For programmatic use, you can use the merger API:

```python
from pathlib import Path
from lmms_engine.merger import FSDP2Merger

# Create merger instance
merger = FSDP2Merger(checkpoint_type="regular")

# Merge checkpoint
checkpoint_path = Path("checkpoint-1000")
output_path = merger.merge(checkpoint_path)

print(f"Merged checkpoint saved to: {output_path}")

# Merge EMA checkpoint
merger_ema = FSDP2Merger(checkpoint_type="ema")
output_path_ema = merger_ema.merge(checkpoint_path)
```

**API Parameters:**

- `checkpoint_path`: Path to sharded checkpoint directory or parent directory
- `output_path` (optional): Where to save merged checkpoint. If None, saves to checkpoint_path
- `model_cls` (optional): Model class to instantiate. Auto-detected if not provided
- `config` (optional): Model config.

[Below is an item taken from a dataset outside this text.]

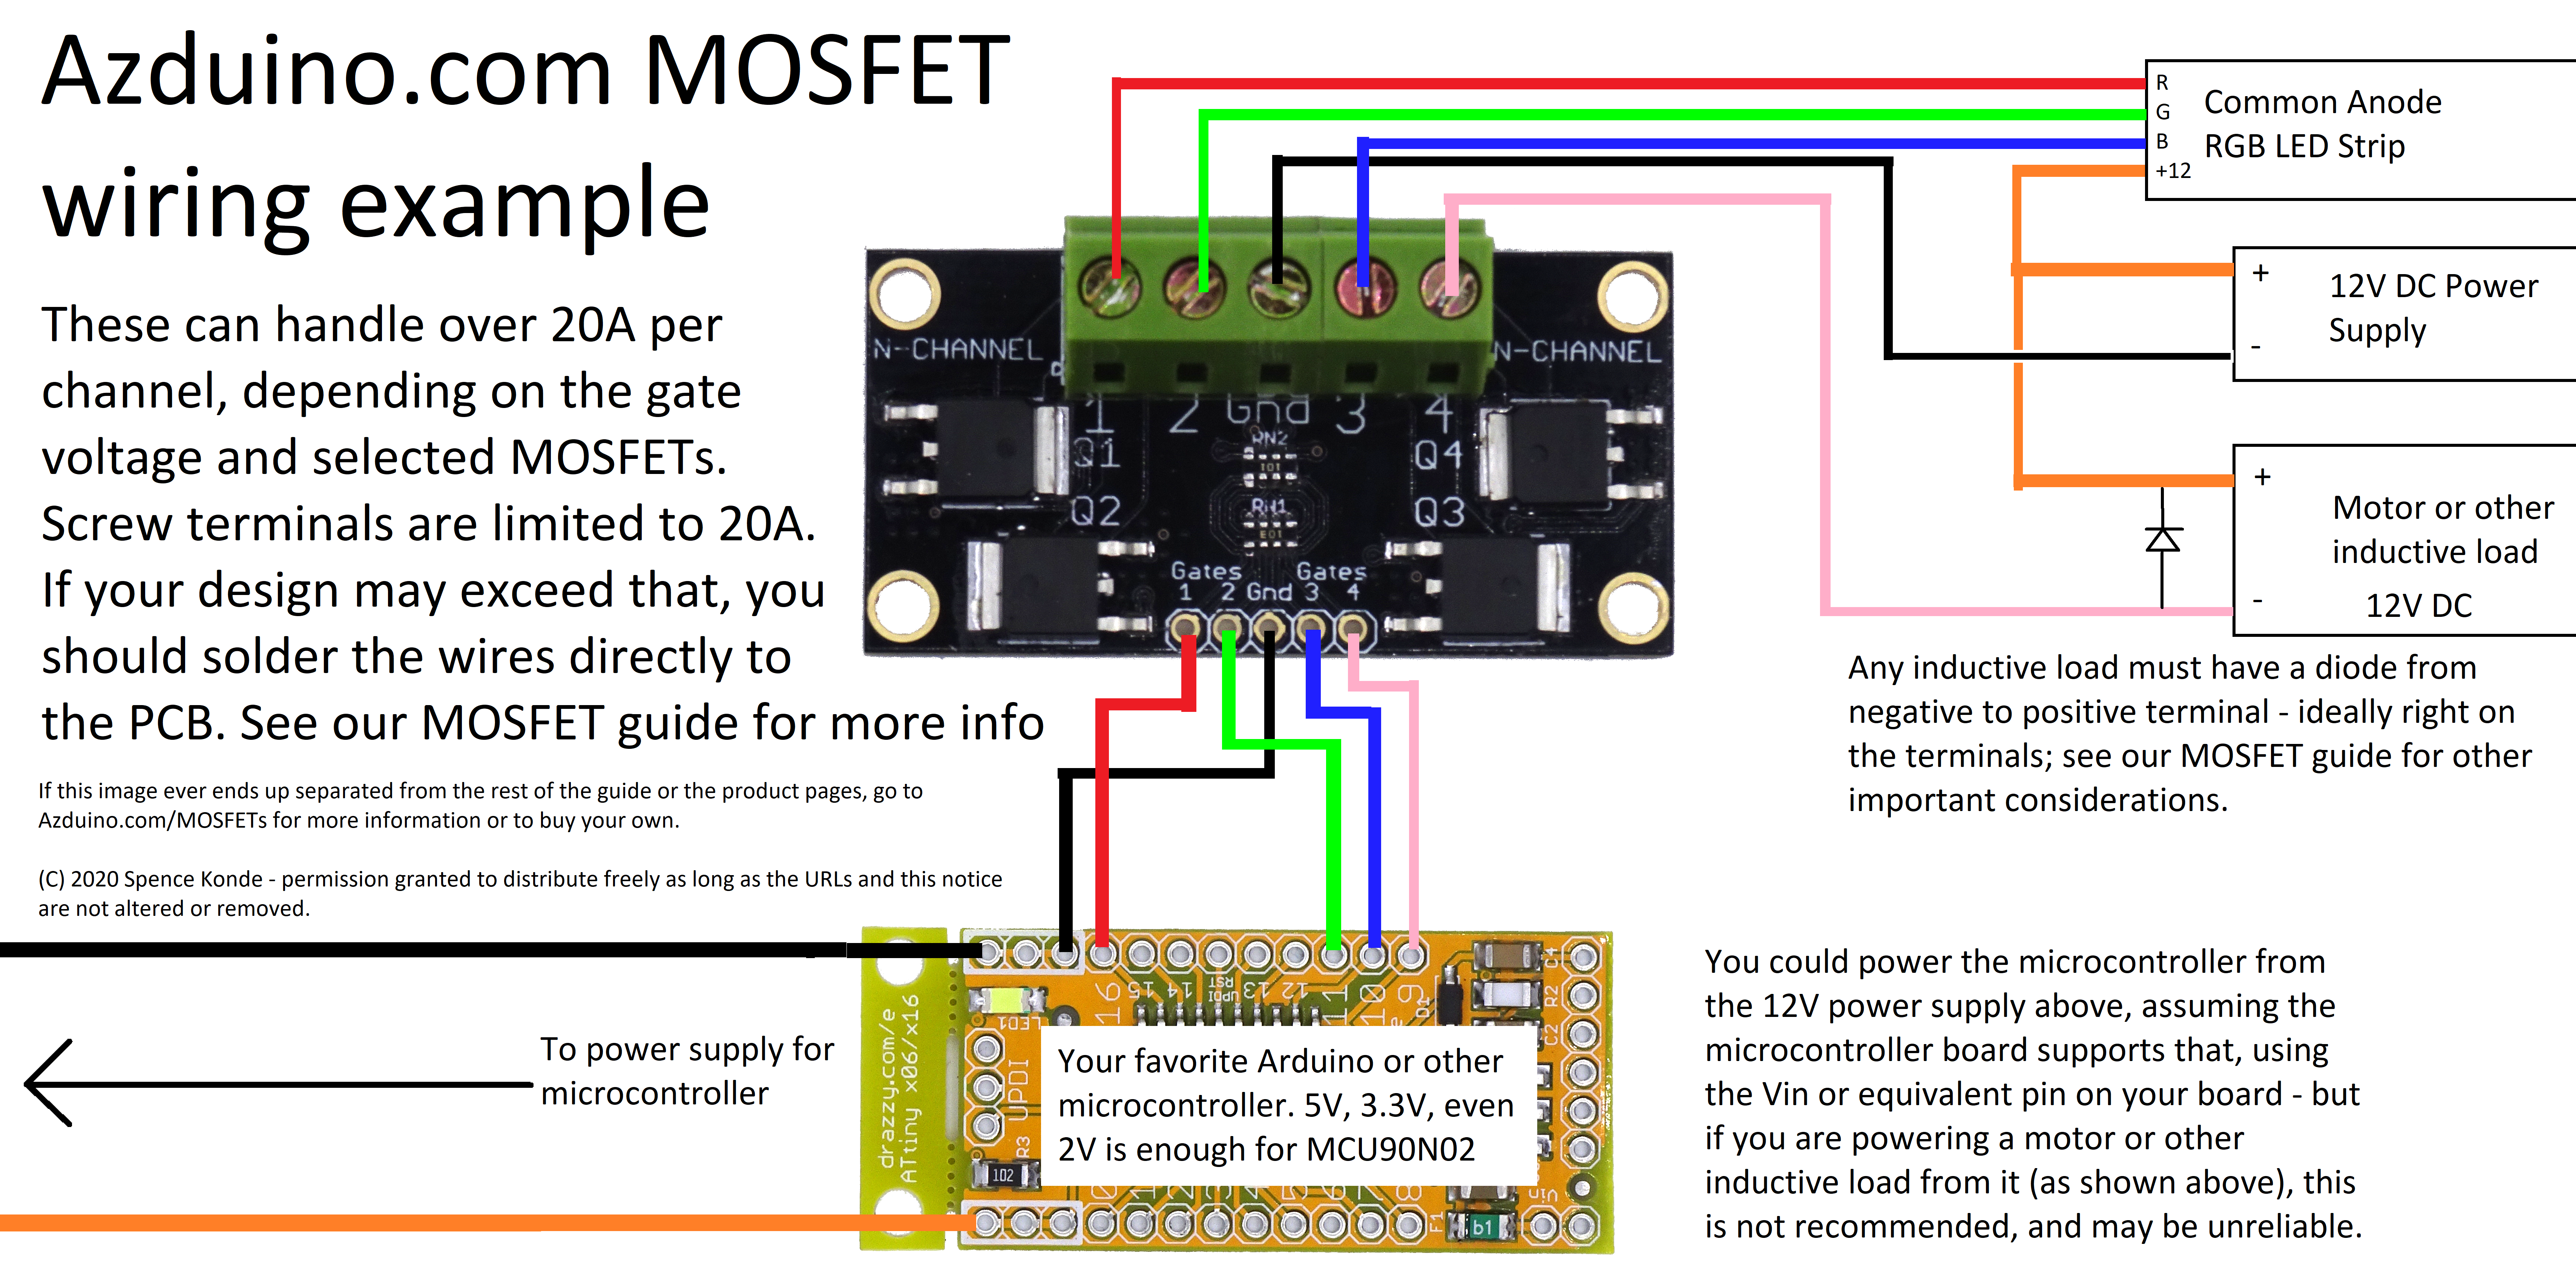 Basic wiring with 4-channel MOSFET, N-channel MOSFETs, and low-side switching

Loaded from checkpoint if not provided

### Features

- **Automatic path resolution**: Pass parent directory to auto-select latest checkpoint
- **Regular and EMA checkpoints**: Support for both main model and EMA weights
- **Parallel loading**: Uses thread pool for efficient shard loading
- **Progress tracking**: Built-in progress bar during shard loading
- **Flexible output**: Save to original location or custom path

## Legacy: Using `merge_fsdp.py` Tool

The `merge_fsdp.py` script is a legacy utility that can still be used, but we recommend the built-in merger above.

```bash
python tools/merge_fsdp.py --input_dir <path_to_checkpoints> --model_name_or_class <model_name> --type <hf|fsdp2> [--output_dir <output_path>] [--step <checkpoint_step>] [--state_dict_dirname <dirname>] [--merge]
```

**Arguments:**

- `--input_dir`: Directory containing the FSDP shards to merge
- `--model_name_or_class`: The name or class of the model to load
- `--type`: Type of checkpoint (`hf` or `fsdp2`)
- `--output_dir` (optional): Directory to save the merged checkpoint
- `--step` (optional): Specific checkpoint step to merge
- `--state_dict_dirname` (optional): Subfolder name containing shards
- `--merge` (optional): Merge all checkpoints by averaging weights

**Examples:**

```bash
# Hugging Face FSDP checkpoints
python tools/merge_fsdp.py --input_dir ./checkpoints --model_name_or_class Qwen/Qwen2.5-VL-7B-Instruct --type hf --output_dir ./merged_checkpoint

# FSDP version 2 checkpoints
python tools/merge_fsdp.py --input_dir ./checkpoints --type fsdp2

# EMA checkpoints
python tools/merge_fsdp.py --input_dir ./checkpoints --type fsdp2 --state_dict_dirname pytorch_ema_model_fsdp_0
```

## Prerequisites

- Ensure you have Python installed along with the required dependencies
- Make sure the FSDP checkpoints are available in the specified directory
- For FSDP2 checkpoints, the checkpoint directory should contain:
  - `pytorch_model_fsdp_0/` for regular checkpoints
  - `pytorch_ema_model_fsdp_0/` for EMA checkpoints (if EMA is enabled)

## Evaluation

### Manual Evaluation

After merging the checkpoints, you can evaluate the model using the `lmms-eval` tool. Refer to the [lmms-eval repository](https://github.com/EvolvingLMMs-Lab/lmms-eval) for detailed instructions on setting up and running evaluations.

### Automatic Evaluation During Training

LMMs Engine also supports **asynchronous evaluation during training**, which automatically merges FSDP2 checkpoints and evaluates them without interrupting training. See [Asynchronous Checkpoint Evaluation](async_eval.md) for details.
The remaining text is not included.